For a fair, inclusive zero-carbon transition, policy development needs to go hand-in-hand with public engagement


Leo Murray


If there’s one thing we know, it’s that the UK is in dire need of a zero-carbon transition.

With spiralling energy costs and record-breaking temperatures such a transition could not only help stabilise the energy markets, it could help us build a fairer, more inclusive, more sustainable country that is blazing a trail for others to follow on climate. If there is an opportunity for Britain to be a global leader in this crisis, now is the time to take action.

A question for many still revolves around how we get there. At a technical level, the solutions to the climate crisis are well understood. The real question is how we get there together

It’s quite easy for those of us coming up with ‘solutions’ or ‘strategies’ or ‘policies’ in order to get us out of this mess to fall into the trap of working in silos, looking at a problem and being focused on how to solve it. Viewed in a certain light, climate change is a simple problem that it’s easy to take that approach to – it’s caused by greenhouse gas emissions, therefore, we need to reduce greenhouse gas emissions. It’s straightforward, right?

Not at all. In order for our zero-carbon transition to be both fair and inclusive, it is absolutely vital that anyone who is involved in policy work takes steps to ensure there is consummate public engagement accompanying your work. The transition is going to impact facets of everyone’s lives and as such, we need to actively involve the public in ways that are appropriate to your project. Official estimates suggest that up to two thirds of the total emission reductions we need to meet our climate targets rely on ordinary people changing aspects of their consumption behaviours en masse. The point here is that an effective pursuit of behavioural change is not an alternative to systemic change. Instead, both are dependent on one another.

In Possible’s Car Free Megacities project, we aimed to set up camaraderie and friendly rivalry between three cities, London, Paris and New York, in terms of traffic reduction efforts. Alongside this however, it gave us the space and time to think about how traffic reduction was being perceived in those cities, and to develop frameworks in order to respond to developing problems.

In response to the pandemic, many of the resulting low-traffic neighbourhoods were set up hastily as a way of getting people on the move more freely in a time of tight restrictions. In part as a result of their hasty establishment, these measures were sometimes perceived as part of the Covid restrictions and became especially contentious when the pandemic rules were relaxed. But one such group that is particularly important in all traffic reduction debates, are disabled people.

As such Car Free Megacities commissioned the report, Nobody Left Behind: Envisioning inclusive cities in a low-car future. The report had one focus in producing its policy recommendations – engaging with and incorporating the feedback of disabled people. And as such, our policy recommendations put first-hand accounts at their forefront. To name a few policy recommendations, it proposed accessible bike, trike, and scooter parking; disabled parking being close to, or integrated within, pedestrianised areas; and highlighted how new EV charging infrastructure should never be sited on pavements, where it adds to the clutter and obstacles that mobility impaired non-drivers have to navigate.

These recommendations were fundamentally underpinned by a process that sought to put disabled people first and make their lives better, rather than make carbon emissions reductions. But crucially, it succeeded in finding recommendations that would work towards both aims.
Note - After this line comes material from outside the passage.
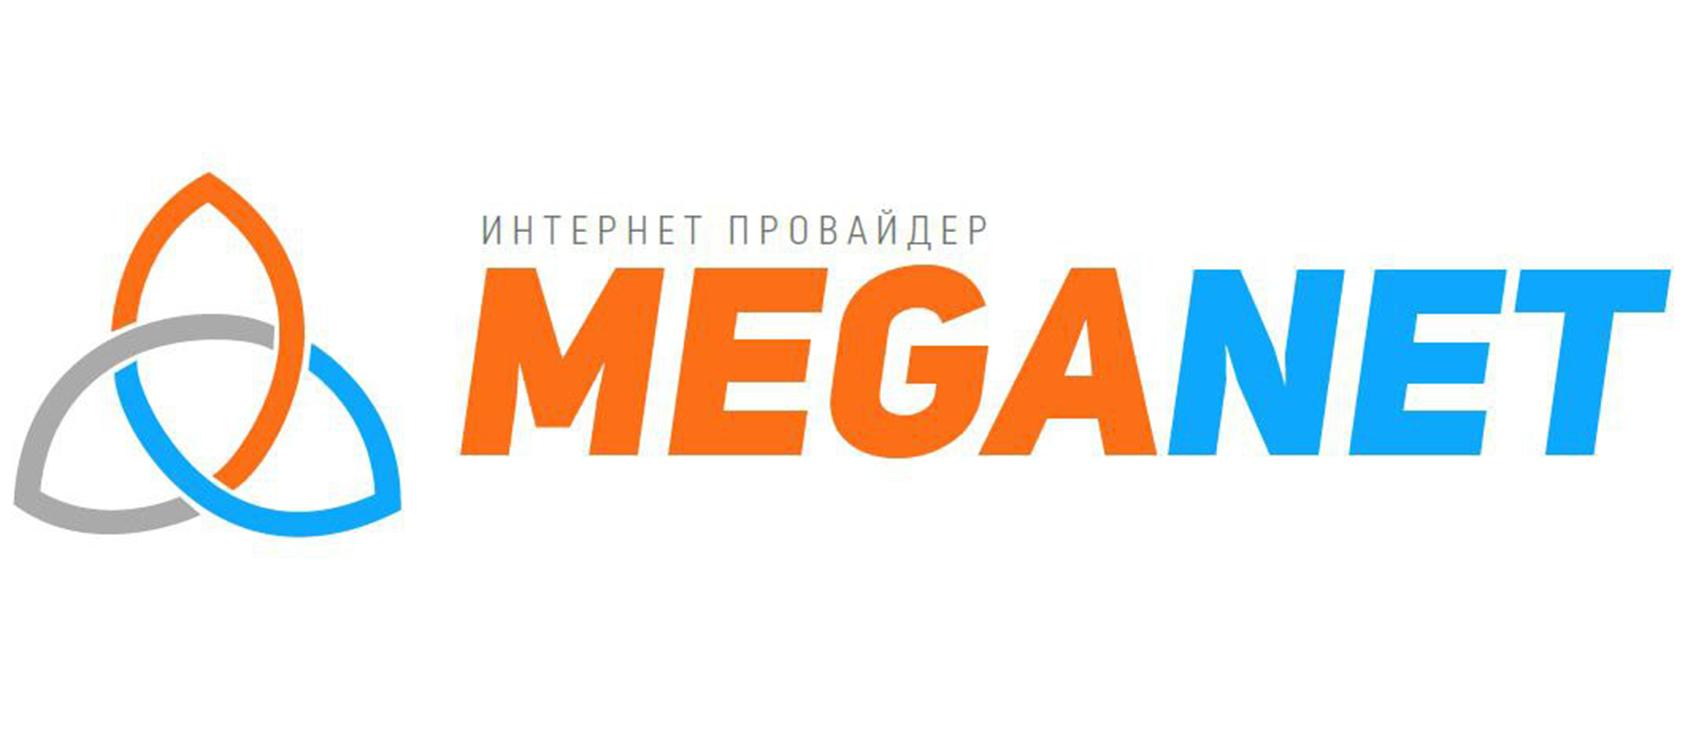 MegaNet  (Чернівецька обл)

Another example is the frequent flyer levy. A major component of our aviation campaigning, the frequent flyer levy is designed to address the inequity of flying – ensuring that the 15 per cent of people that take 70 per cent of flights in the UK pay for their pollution. It essentially would mean that air passenger duty, which is currently applied to every flight, is removed and replaced with a levy that gets progressively higher the more a person flies. The first flight however, has no charge applied. Because most Brits fly rarely, this is an effective, strategic approach that would not affect the majority of the population who have little responsibility for air travel’s damage to the climate today.

We took this policy idea to the UK Climate Assembly – a gathering of over 100 people from all over the country and from all walks of life who were tasked with coming up with ideas to reduce emissions – and talked it through with them thoroughly. When we came away from that, the group called on the government to introduce it. Not only that but the policy polls consistently highly with the wider public. In polls we’ve commissioned it’s had support as remarkable as 54 per cent in support and just 19 opposed. In other polls support has reached a staggering 89 per cent.

But these moments of public engagement, of talking directly to and getting feedback and thoughts from a broader forum (in this case one selected to be representative of the British public) is vital if we’re going to implement intelligent, practical solutions to the climate crisis. And that’s because we’re ensuring that people’s voice is reflected within policy.

The climate crisis is the biggest problem that has even been posed to humanity. Polluting practices are endemic in our society, practices like flying, driving short distances, over-consumption, putting growth ahead of all other priorities, and as such, we’ve got so many smaller problems to solve in order to solve the one big one. But what’s vital to remember is that it is solvable. And through proper public engagement we not only create that chance to solve that problem, we bring everyone with us on the journey. 

Leo Murray is Director of Innovation at Possible. Inspiring Climate Action.